Суббота, 20.04.2024
Журнал Клаузура

Валерий Румянцев. «Люблю тебя, как любят неземное». Тема любви и дружбы в лирике Михаила Анищенко

Выдающийся русский писатель Валентин Распутин писал: «…Вольно или невольно мы подошли сегодня к черте, когда слово становится не частью жизни, одной из многих частей, а последней надеждой на наше национальное существование в мире».

И он, разумеется, прав. Именно лучшие образцы художественной литературы поднимают дух народа в годы тяжёлых испытаний, помогают полноценно жить в мирное время, доставляя нам не только эстетическое удовольствие, но и обучая нас, наставляя, воспитывая и делая нас мудрее.

И особенно незаменимо для нас поэтическое Слово. Оно и в виде песни, и в лирическом оформлении, и в форме басни оказывает сильное воздействие на людей и способствует тому, чтобы каждый стремился стать настоящим человеком.

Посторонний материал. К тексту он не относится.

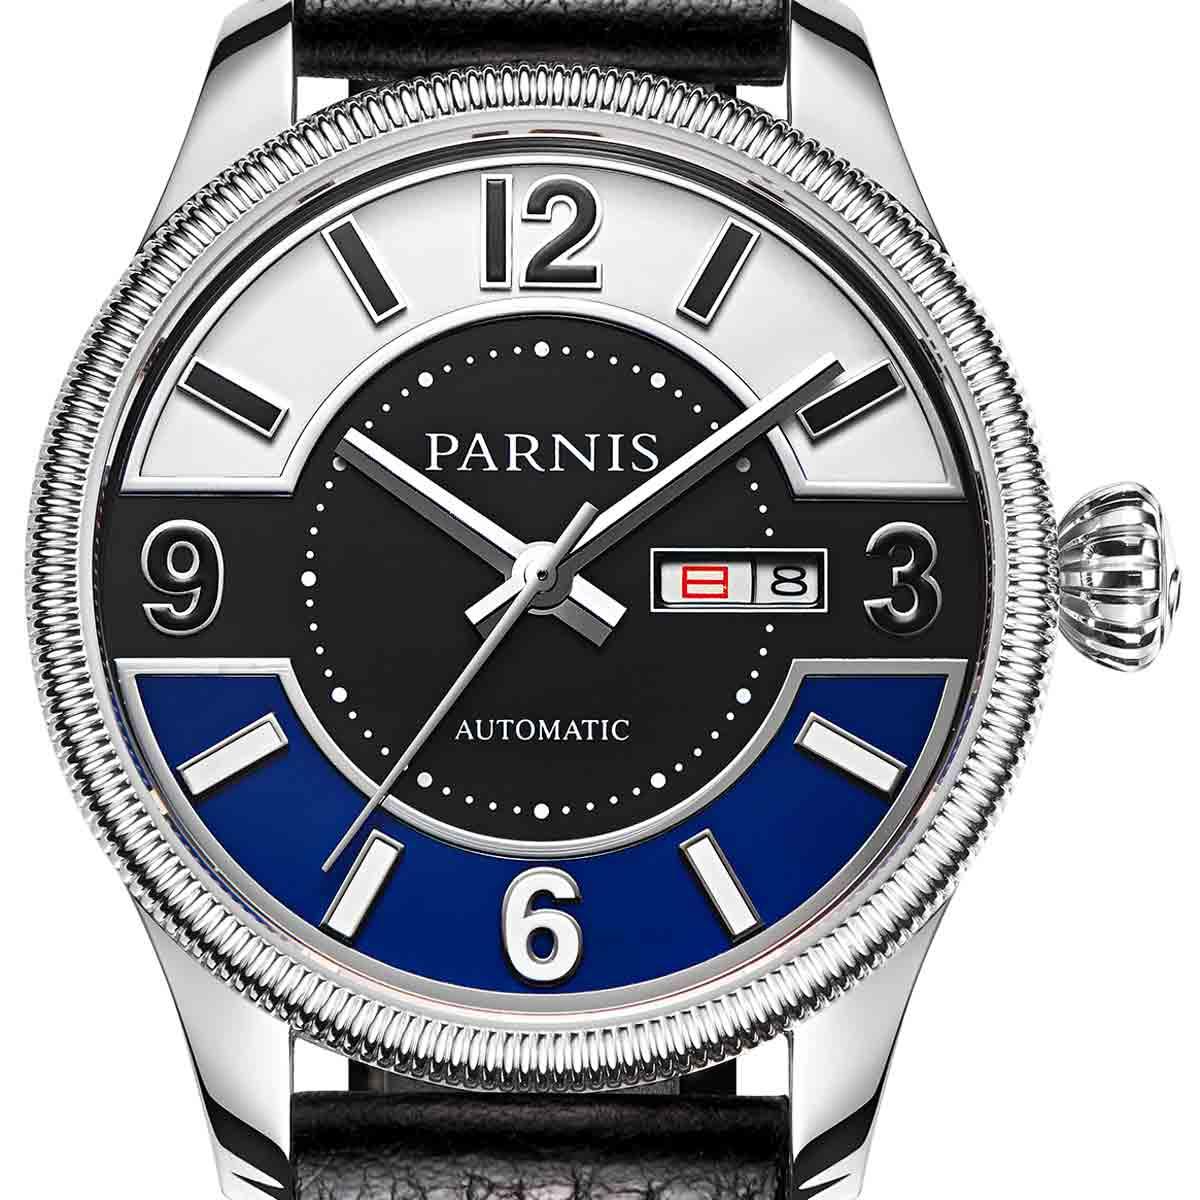 【残り1点】【NEW】PARNIS パーニス 自動巻き 腕時計 [PA6057B-S3AL-SVBK] 並行輸入品 純正ケース メーカー保証12ヶ月

Великий пролетарский писатель А.М. Горький восклицал: «Прославим поэтов, у которых один бог – красиво сказанное бесстрашное слово правды!» И таким поэтом, у которого всё это было, с уверенностью можно назвать Михаила Всеволодовича Анищенко. Поэт писал о судьбе России, о состоянии своей души, о людях, о родной природе – и везде у него звучало «бесстрашное слово правды». Искренно и проникновенно он писал и о любви и дружбе. Давайте почитаем некоторые его стихи на эту тему.

Звонок

Дождь барабанил по окнам.

Тренькнул звонок.

Он встал,

Снял трубку:

— Алло?! –

И вздрогнул,

И крикнул в неё: — Я ждал!

Вы где? На вокзале? Я буду!

Не слыша в ответ ничего,

Кричал он и верил,

Что чудо

Сбывается в жизни его.

Потом он бежал через ливень

Туда, где светился вокзал,

И, мокрый до нитки,

Счастливый,

Шептал, задыхаясь:

— Я ждал!..

А там, у большого вокзала,

В сырой непролазной ночи,

Она ещё трубку держала

И слышала, как он кричит.

Поодаль мужчина с вещами

Крутил её старенький зонт.

И вновь репродуктор вещал им,

Что поезд сейчас отойдёт.

И ждать было глупо чего-то.

Но было обидно и жаль,

Что тот, кто играл её зонтом,

Ни разу вот так не кричал.

В одном стихотворении – целая повесть о любви. И мурашки по коже при чтении. И не хочется здесь выискивать ни удачных метафор, ни ярких эпитетов, ни других художественно-изобразительных средств. Почти у каждого из нас была в жизни или безответная любовь, или расставание с любимой по глупости. Со временем ко многим приходит  и осознание утраты чего-то необыкновенного, и жажда любой ценой вернуть утраченное. Но не всегда и не у всех это получается. Не получилось и у лирического героя стихотворения. И какую великолепную поэтическую находку мы увидели в стихотворении! Он – без зонта в ливень (то ли забыл в порыве, то ли у него его нет вовсе) и другой мужчина – «тот, кто играл её зонтом».

Элегия

Надрывается ветер заблудший,

Колобродит всю ночь в камыше.

И чем хуже погода, тем лучше

Почему-то теперь на душе.

Ничего, я с дороги не сбился

И совсем не знаком с ворожбой.

Я в счастливой рубахе родился

И снимал её только с тобой.

А теперь возле дома слепого

Я хожу, словно вор, без огня…

Хорошо, что ты любишь другого,

Как когда-то любила меня.

Хорошо, что без боли и страху

Ты мне машешь рукой на ходу,

Что мою голубую рубаху

Носит пугало в нашем саду.

Лирический герой встретил женщину, которую полюбил («Я в счастливой рубахе родился») и был ей предан («и снимал её только с тобой»). Теперь у неё другой мужчина, но лирический герой по-прежнему желает ей только добра и таких же светлых чувств, которые когда-то она испытывала к нему. И как у порядочных людей, расстались, но тепло друг к другу в душе не выветрилось. Чувства «выцвели», как старая рубаха, которую «носит пугало в нашем саду».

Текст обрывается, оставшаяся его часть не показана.